Sénégal: « Benn Deuk, Ñaari Garr » - Comment le chemin de fer a façonné l'histoire de Thiès

5 Avril 2026

La construction de la ligne Dakar-Saint-Louis entre 1881 et 1885, ainsi que celle de Thiès-Kayes, achevée en 1923, ont constitué un tournant important dans le développement socio-économique de la ville de Thiès surnommée « la capitale du rail ».

« Thiès est née du chemin de fer ». L'affirmation est d'un ancien cadre des chemins de fer, Ousseynou Seck, ancien président de l'Association des fonctionnaires cheminots (1988-2003). À l'en croire, avant l'installation du chemin de fer, la ville de Thiès était peuplée de quelques centaines de personnes, réparties dans quelques quartiers traditionnels, précisément des villages.

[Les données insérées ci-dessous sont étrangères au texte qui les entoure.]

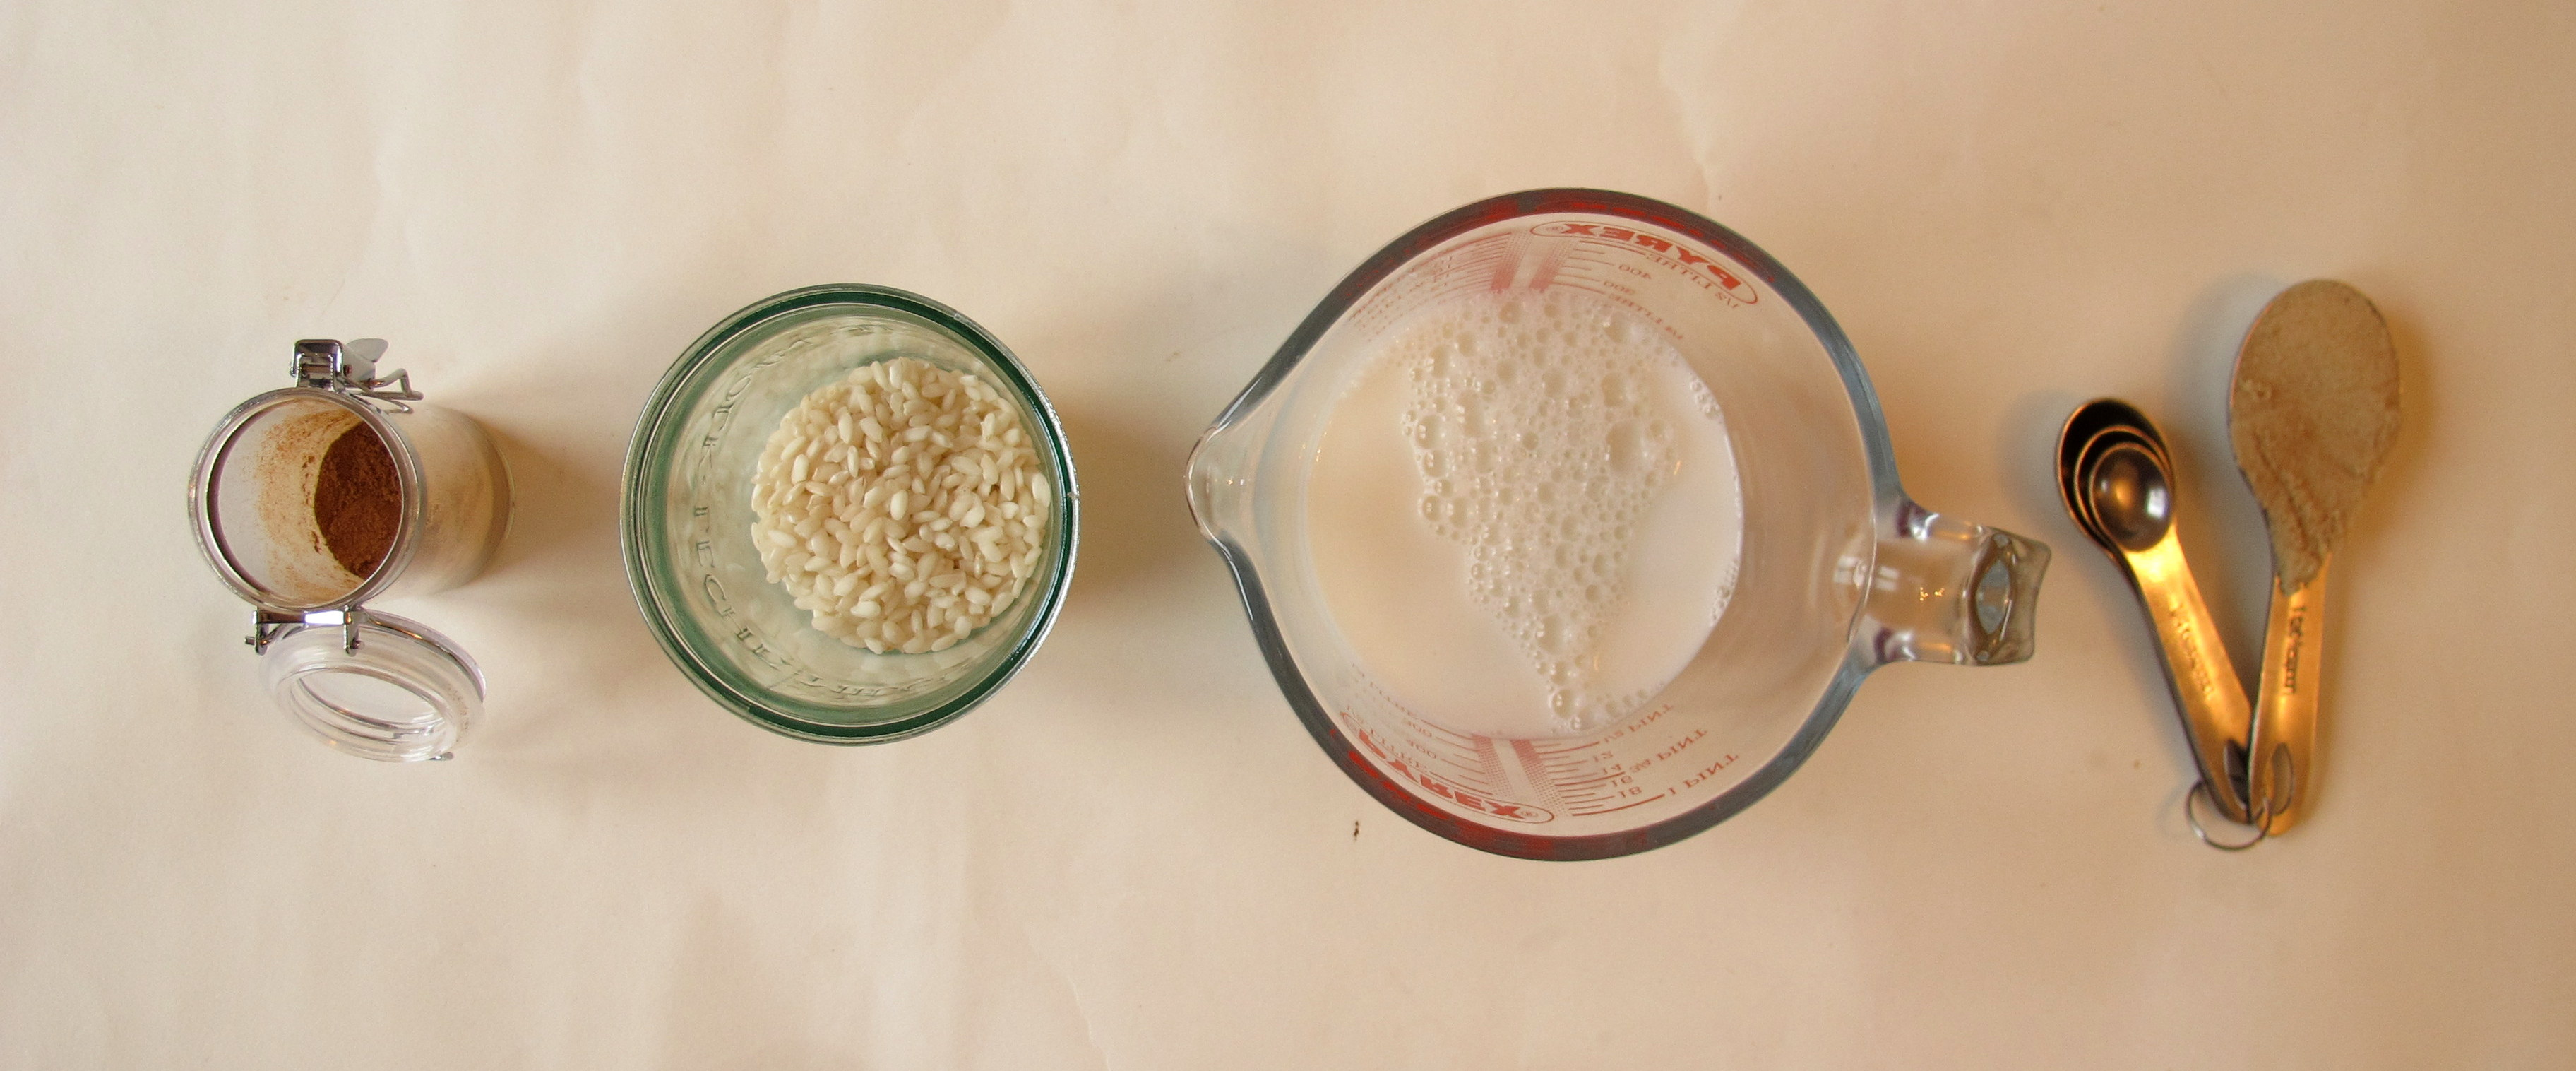 Risotto Rice Pudding With Brown Sugar And Vanilla Recipes — Dishmaps

Avec l'installation du chemin de fer, Thiès a conforté sa posture de carrefour entre Dakar et les régions de l'intérieur du pays. En effet, la ville a abrité deux gares pendant longtemps : celles de Dakar-Saint-Louis et de Thiès-Kayes, cette dernière n'étant plus fonctionnelle. Cela a valu à Thiès le slogan en wolof « Benn Deuk, Ñaari Gaar », une appellation qui viendrait d'un malade mental, selon Ousseynou Seck. Dans ses propos, cherchant à galvaniser les cheminots, il disait : « Thiès-Kayes, Benn Deuk, Ñaari Gaar ».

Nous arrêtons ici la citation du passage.